Die Industrialisierung und die daraus resultierenden massenhaften Produktionsmöglichkeiten - auch von literarischen Werken - ließen den handwerklichen und künstlerischen Aspekt der Buchproduktion randständig werden. Strömungen wie der Jugendstil und die Arts-and-Craft-Bewegung, die sich in dieser Zeit herausbildeten, setzten auf die Rückbesinnung auf das Kunsthandwerk mit seiner Authentizität und Vollkommenheit. Das Buchgewerbe zu jener Zeit brachte keine ästhetisch und materiell hochwertigen Bücher für das breite Publikum hervor. Zwar stieg der Absatz, jedoch bei enormen Qualitätsverlusts. Die billigere, industrielle Fertigung ermöglichte der breiten Bevölkerung, Literatur zu erschwinglichen Preisen zu erstehen, vergaß dabei aber, das Medium Buch nicht nur als Träger von Information sondern als künstlerisch wertvolles Kulturgut zu bewahren.9

Mit der Herausgabe der Insel erhoffte man sich, „etwas für die Entwicklung unserer Litteratur- (sic) und Kunst-Verhältnisse Ersprießliches“10 zu schaffen, vor allem den Autoren der neuen Strömungen ein Podium zu bieten, ihre Werke in die Öffentlichkeit zu tragen. Die Insel war gespickt mit den „Vertreter[n] der Avantgarde“11 jener Zeit: von Hofmannsthal, Falke, Scheerbart, Brentano, Walser, Rilke, Beardsley, Blei, van de Velde usw. Auch die Herausgeber der Monatsschrift trugen ihre Schriftstücke bei. Die Illustratoren zählten ebenso zu den richtungsweisenden Pionieren ihres Handwerks: u.a. Marcus Behmer, Peter Behrens, Walter Tiemann, Emil Rudolf Weiß.

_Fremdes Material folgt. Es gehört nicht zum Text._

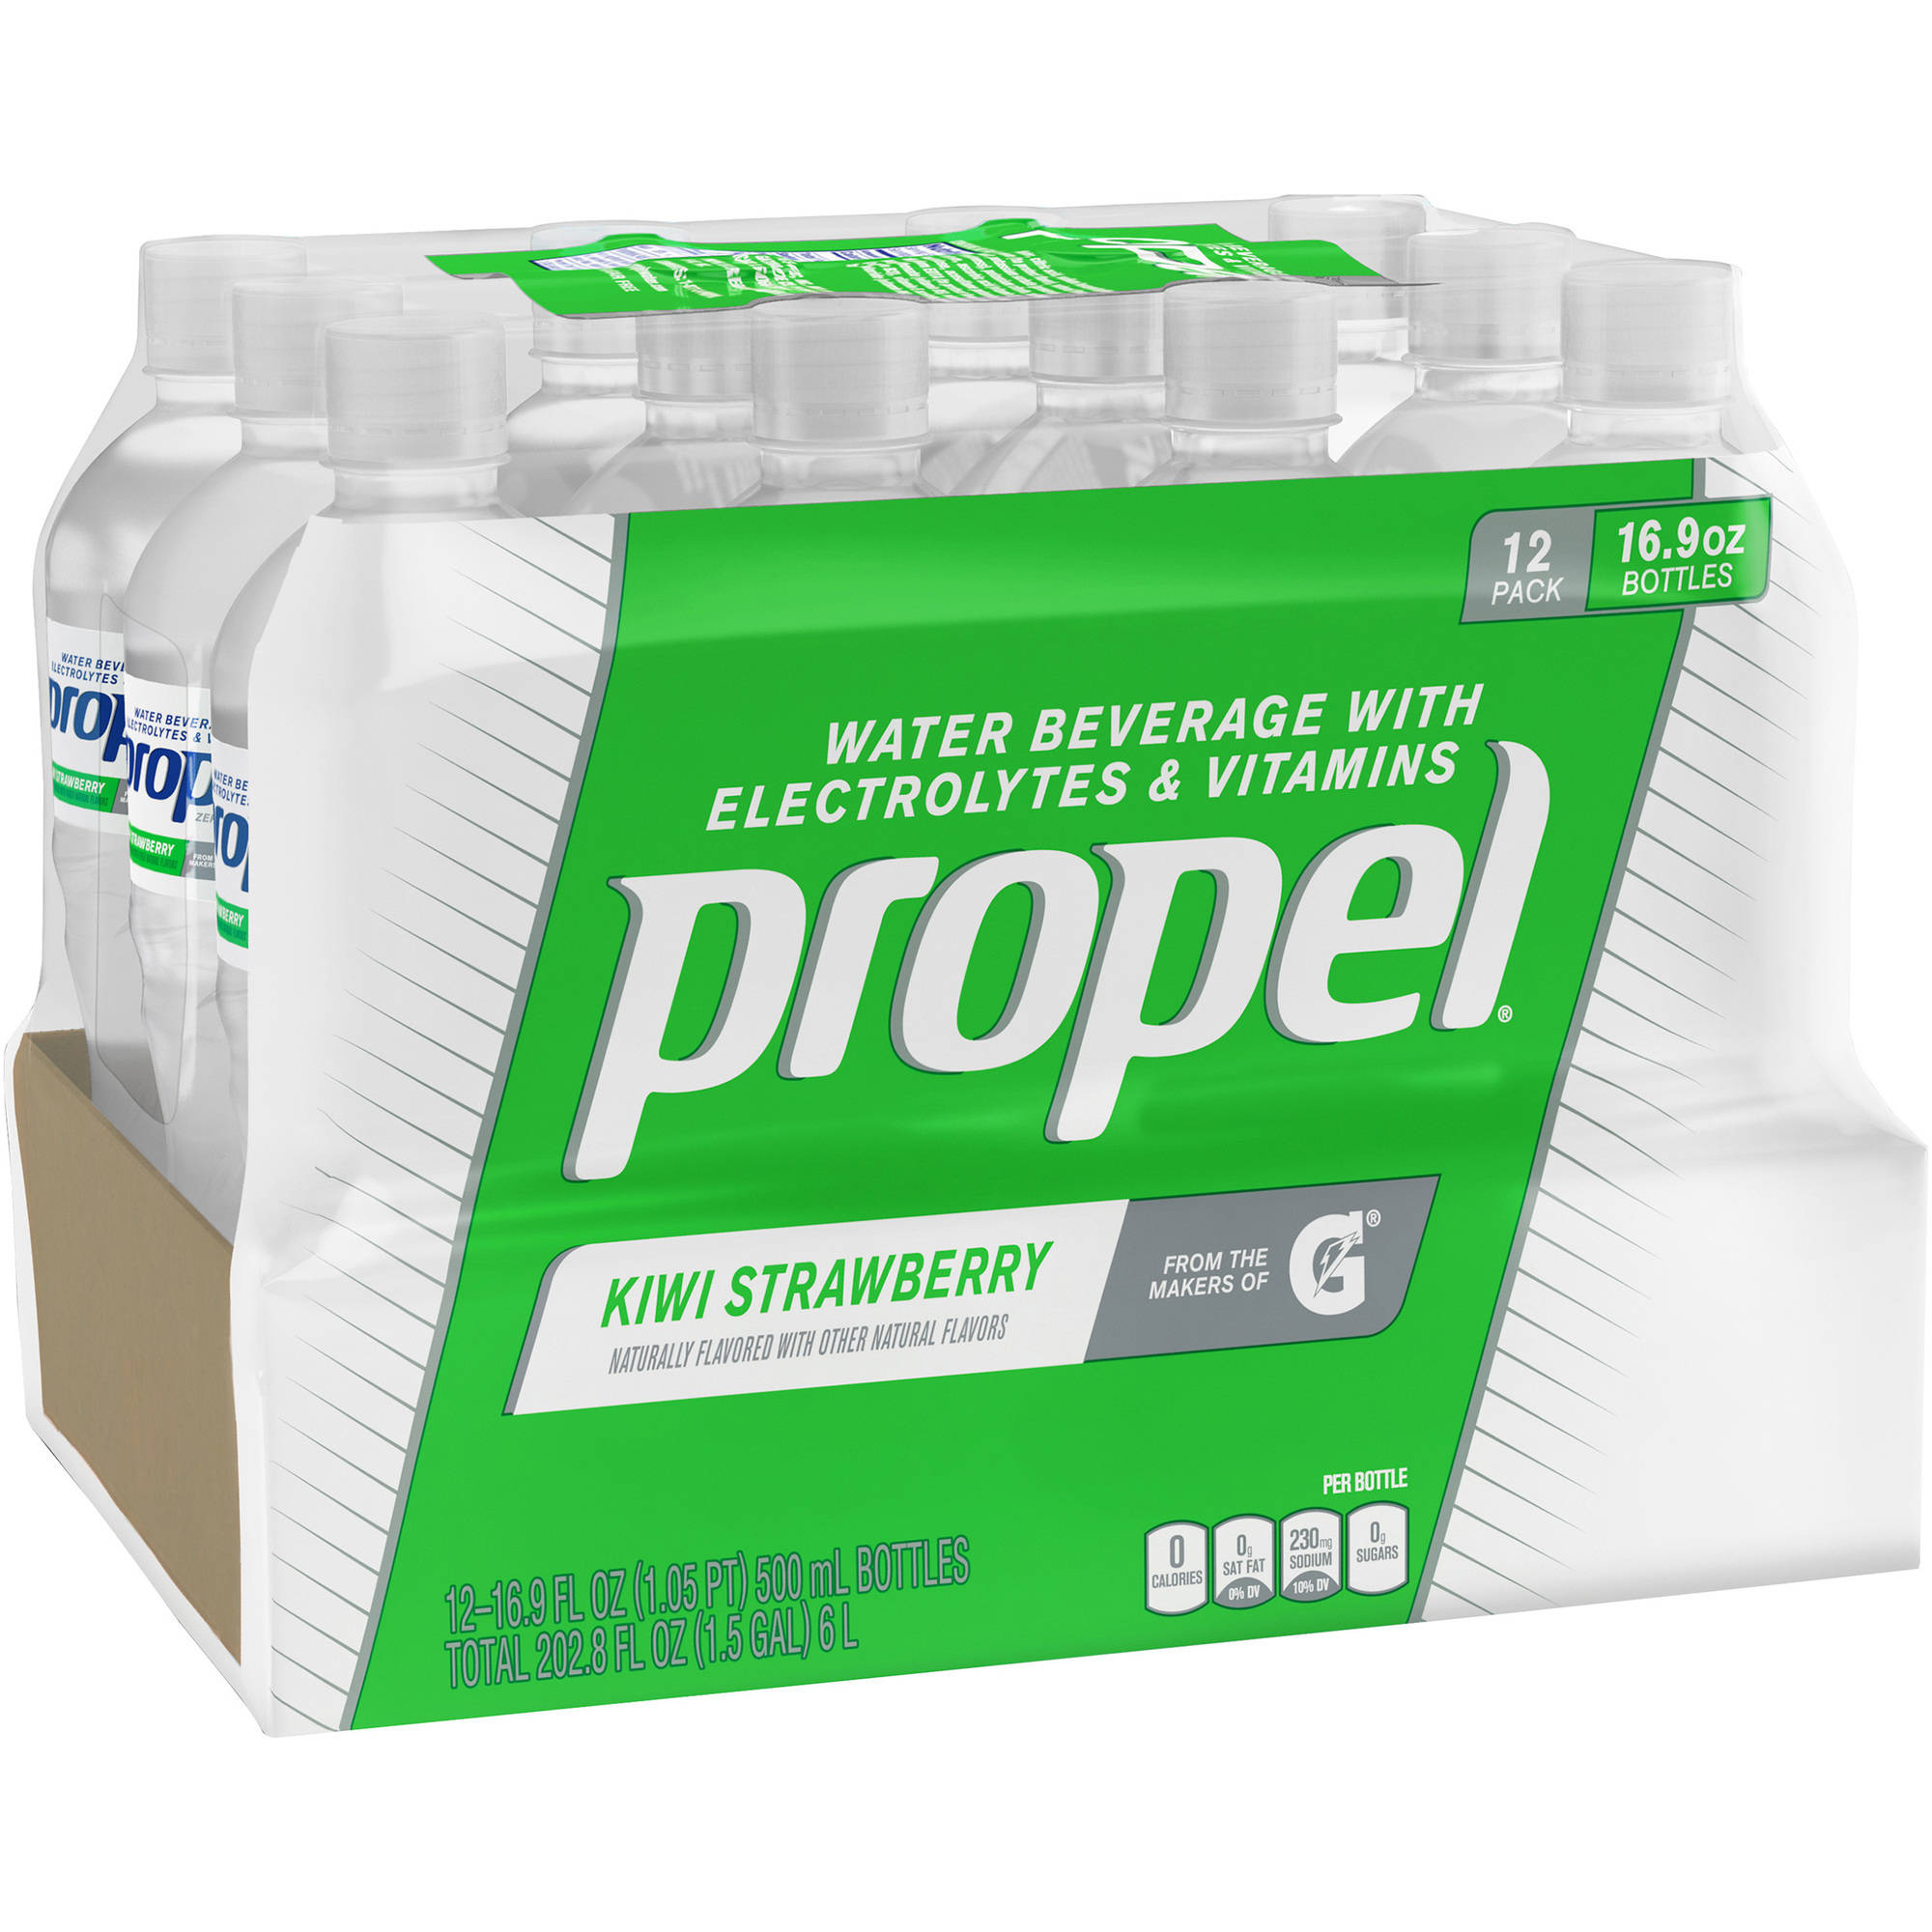 Propel Kiwi Strawberry Water Beverage with Vitamins, 16.9 fl oz, 12 pack

Im Insel Verlag erschienen gleichzeitig Publikationen wie Gugeline von Bierbaum oder Dir von Vogeler sowie An den Frühling, eine Mappe mit Radierungen, ebenfalls von Vogeler. 1900 veröffentlichte der Verlag bereits 16 Bücher, in den ersten 24 Monaten insgesamt 27.12 1901 fasste die Verlagsleitung den Entschluss, sich von Schuster & Loeffler zu lösen und in eine eigenständige GmbH überzugehen13, was sodann im Herbst 1902 Umsetzung fand. Rudolf von Poellnitz wurde neuer Geschäftsführer. Bierbaum, Heymel und Schröder fehlte die Erfahrung in der Erfolg bringenden Führung eines Verlages, sodass sie diese Aufgabe Poellnitz übertrugen. Er hatte vorher mit Eugen Diederichs in dessen Verlag und seinem eigenen Sortiment zusammengearbeitet.14 Das Insel-Buch war die erste Veröffentlichung des nun selbstständigen Verlags, eine Zusammenstellung verschiedener Beiträge aus der Insel.15 Im anfänglichen Programm des Verlags finden sich ebenjene Autoren wieder, die schon zur Monatsschrift beigetragen hatten: unter anderem Franz Blei, Paul Ernst, Hugo von Hofmannsthal, Rainer Maria Rilke, außerdem Aubrey Beardsley, Oscar Wilde, Ernst Hardt sowie Rudolf und Ricarda Huch. Und auch wieder Heymel, Schröder und Bierbaum.16 Unter Poellnitz wurden im Verlag in den ersten beiden Jahren 70 Bücher verlegt, damit konnte man Schritt halten mit den beiden älteren Verlagen S. Fischer und Eugen Diederichs, die ebenfalls in diesem Zeitraum um die 70 Bücher herausbrachten.17 Poellnitz entsprach in seinen Grundvorstellungen denen des jungen Verlags: er legte besonderes Augenmerk auf die Buchgestaltung, also Einband, Doppeltitel, Illustrationen.18 Die Titel wurden - um den Schranken der Typografie zu umgehen - entweder gezeichnet oder geschrieben.19

Im Februar 1905 starb Poellnitz nach schwerer Krankheit, sein Nachfolger wurde Carl Ernst Poeschel, der gleich zu Beginn seiner Arbeit Anton Kippenberg als verlagskundigen „Gutachter“ an seine Seite stellte.20 Da Poellnitz den Verlag zuletzt in arge finanzielle Nöte gebracht hatte21, war es nun an den beiden neuen Verlagsleitern, das Unternehmen wieder auf Kurs zu bringen. Die Anfänge gestalteten sich allerdings konfliktreich, da sich Poeschel und Kippenberg in den Verantwortlichkeiten überschnitten und schon bald aneinander gerieten.22 Poeschel trat Anfang September 1906 aus dem Verlag aus und wandte sich dem Unternehmen seines Vaters zu, dessen Position er bald übernehmen sollte.23 Ab jetzt leitete Anton Kippenberg den Verlag im Alleingang. Seine Frau Katharina stand ihm unterstützend zur Seite.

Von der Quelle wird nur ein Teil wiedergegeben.